_Exercise goal:_
Within the listing that follows, reproduce exactly the lines starting at the line with "2020-01-23 State Board Invited Legislators" and ending at the line with "Fishing Backpack Fishing", inclusive, and only those. Pictures are dropped.

_Recorded information:_
■ ■ ■ ■

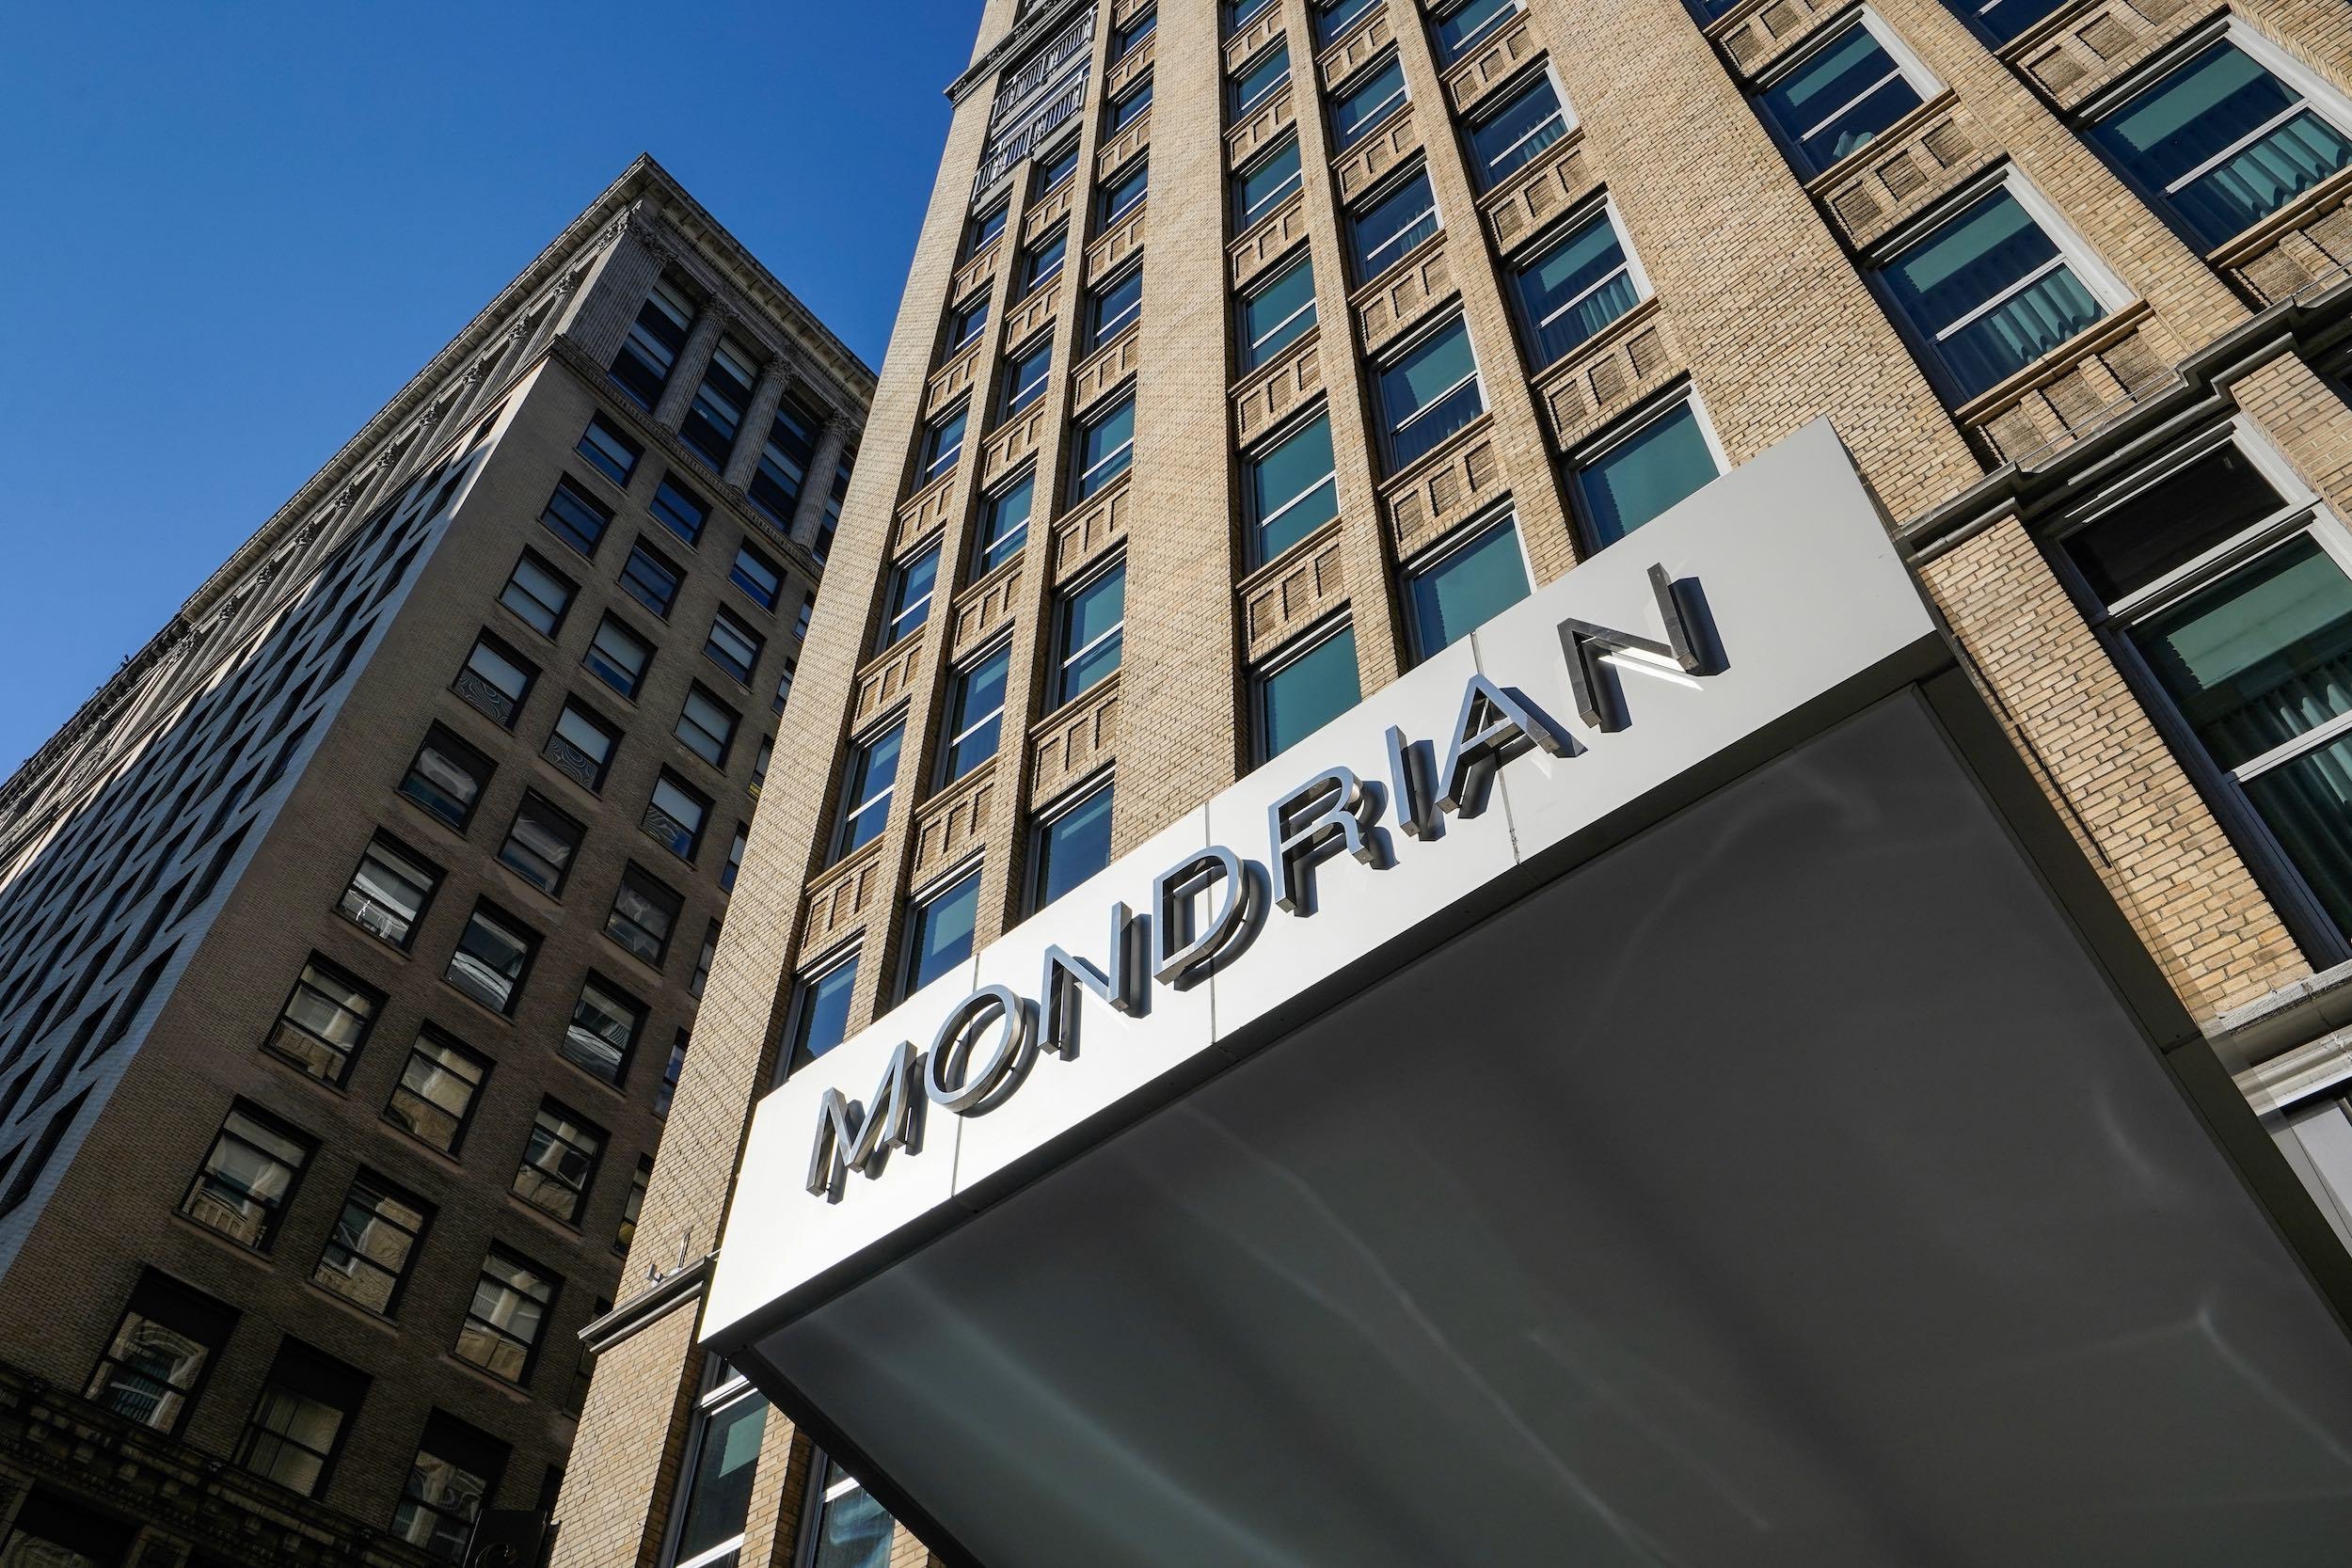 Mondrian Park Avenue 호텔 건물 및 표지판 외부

■ ■ ■ ■

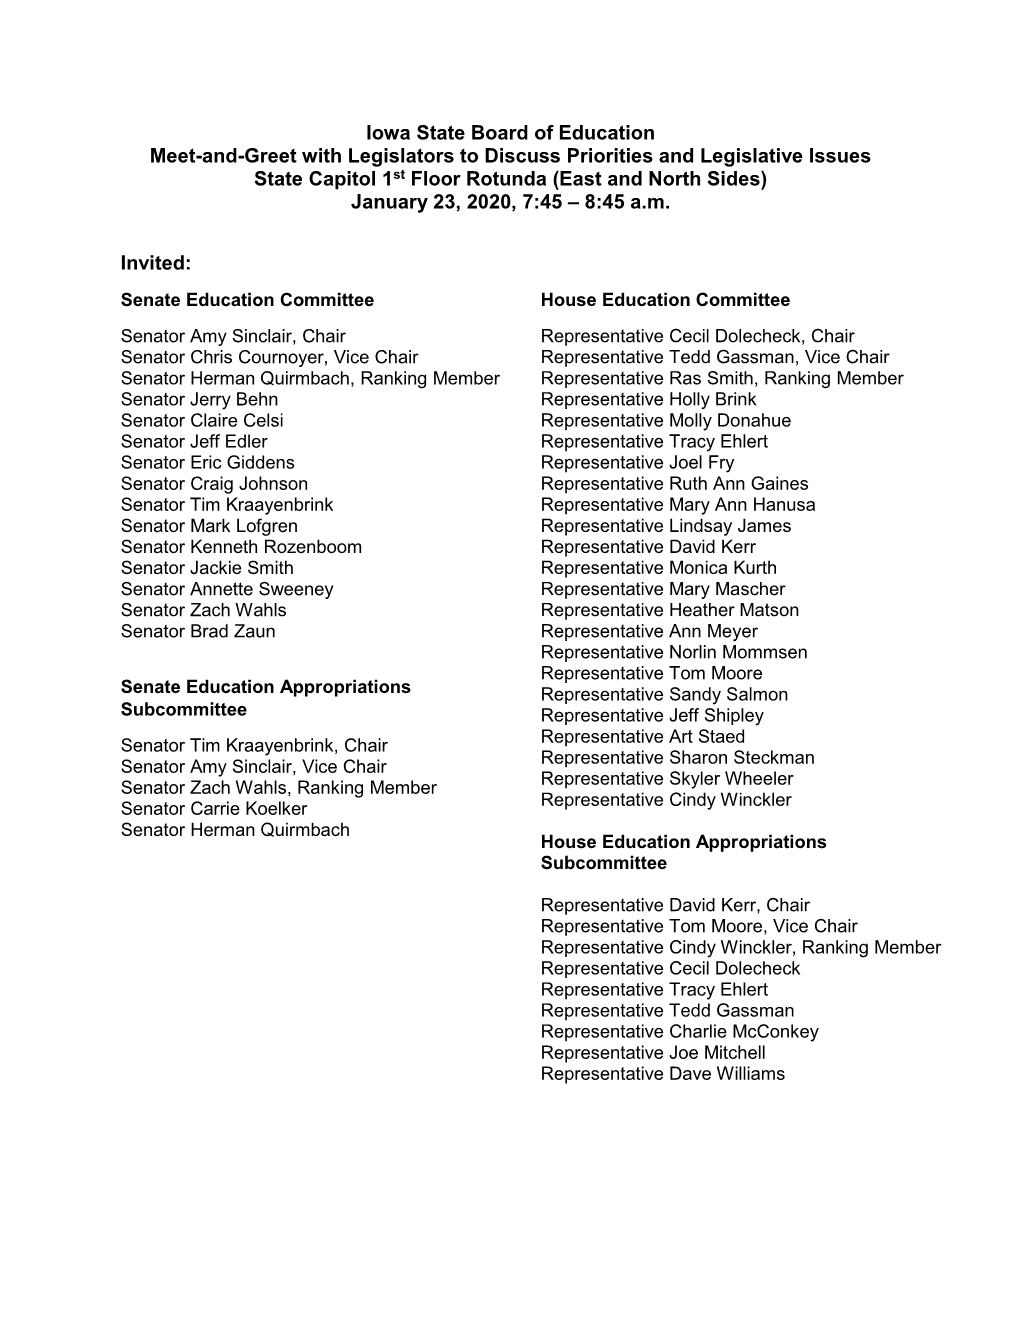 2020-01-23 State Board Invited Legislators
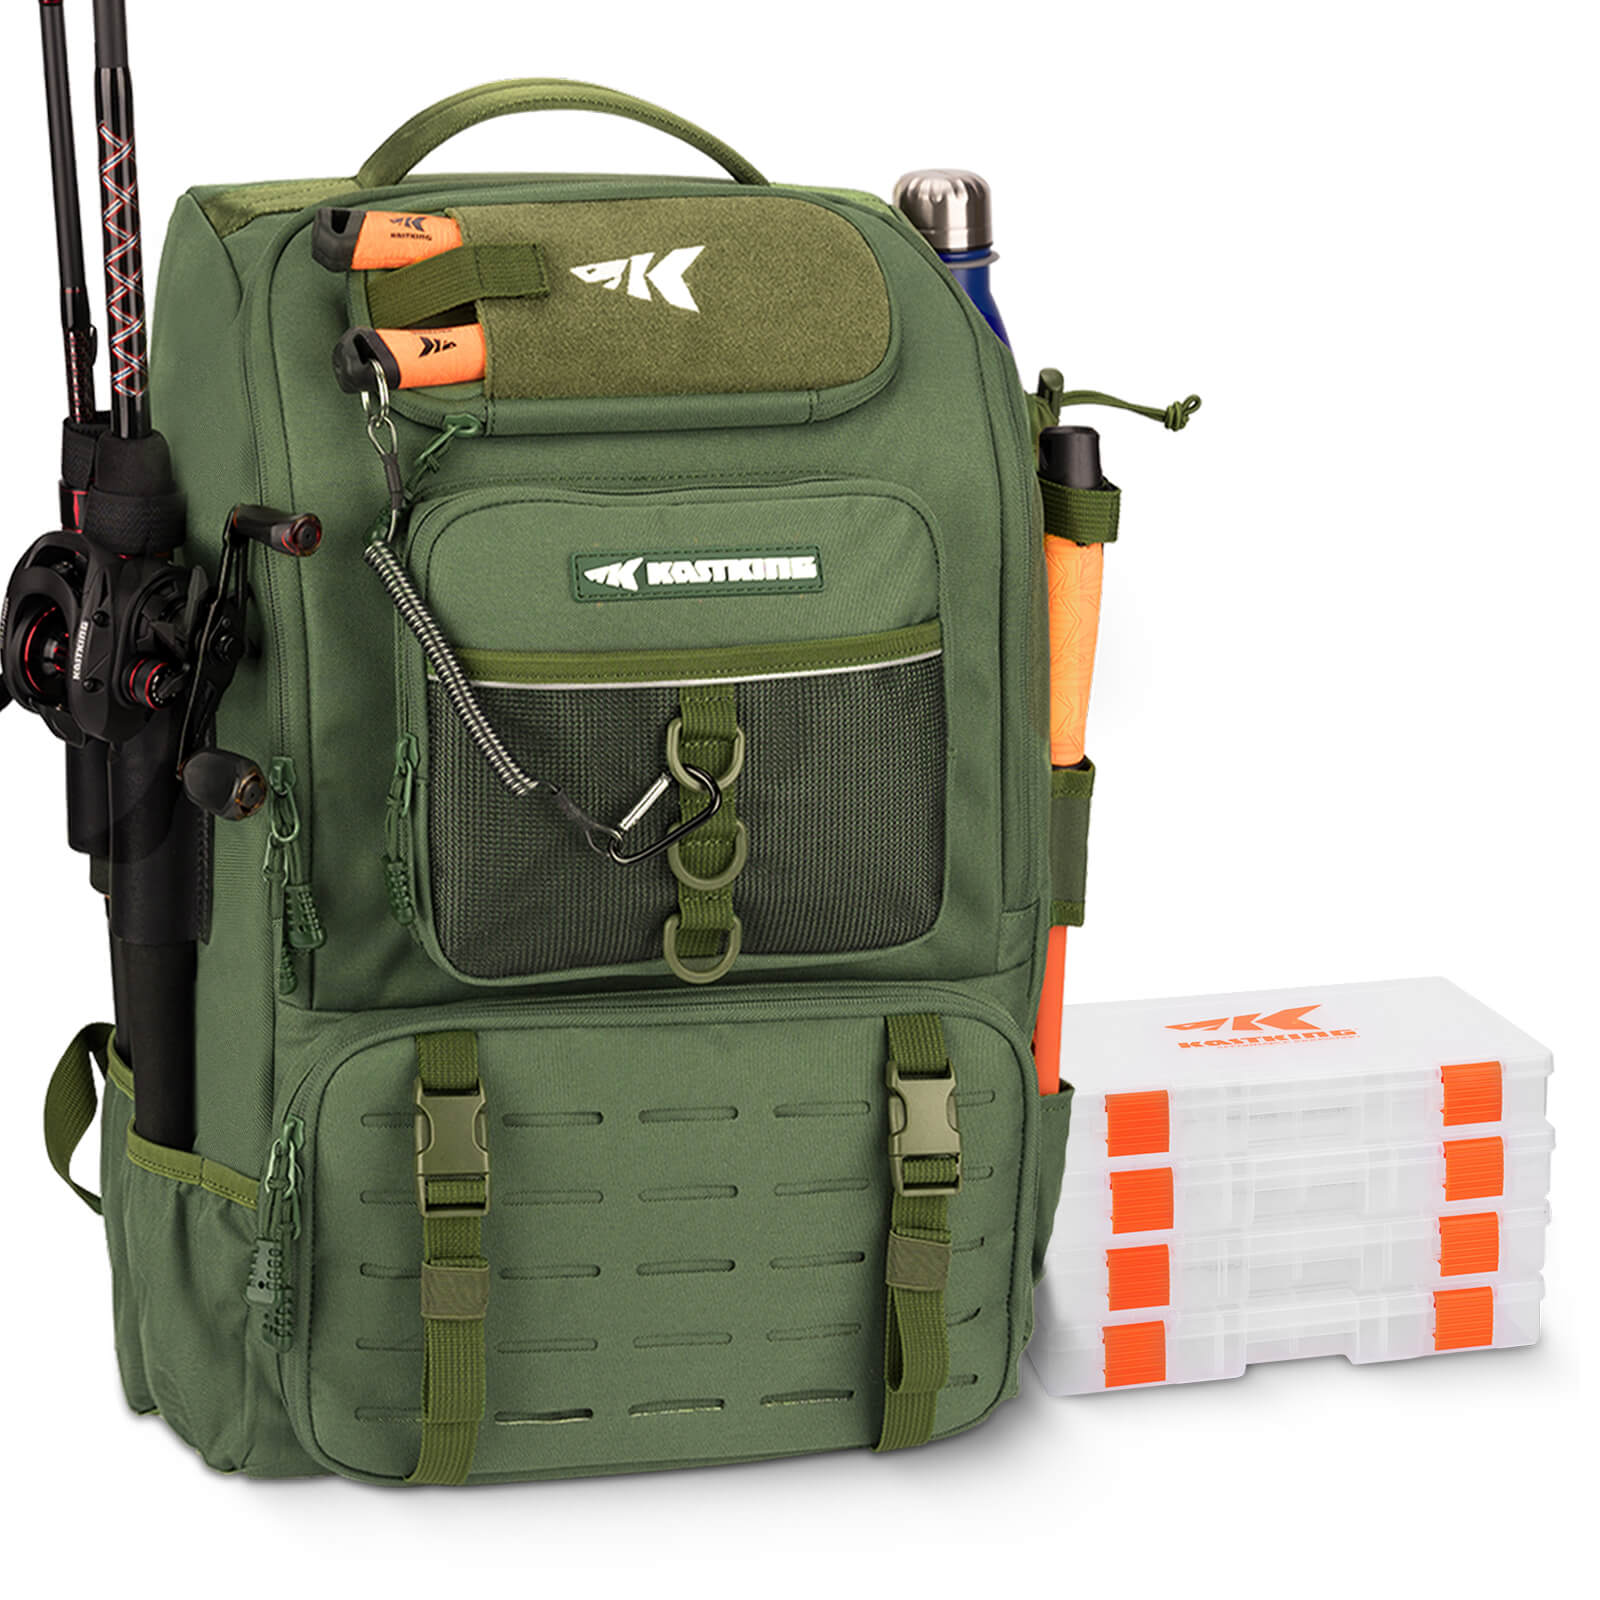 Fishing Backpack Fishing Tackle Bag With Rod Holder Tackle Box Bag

■ ■ ■ ■

_Exercise answer:_
 2020-01-23 State Board Invited Legislators
 Fishing Backpack Fishing Tackle Bag With Rod Holder Tackle Box Bag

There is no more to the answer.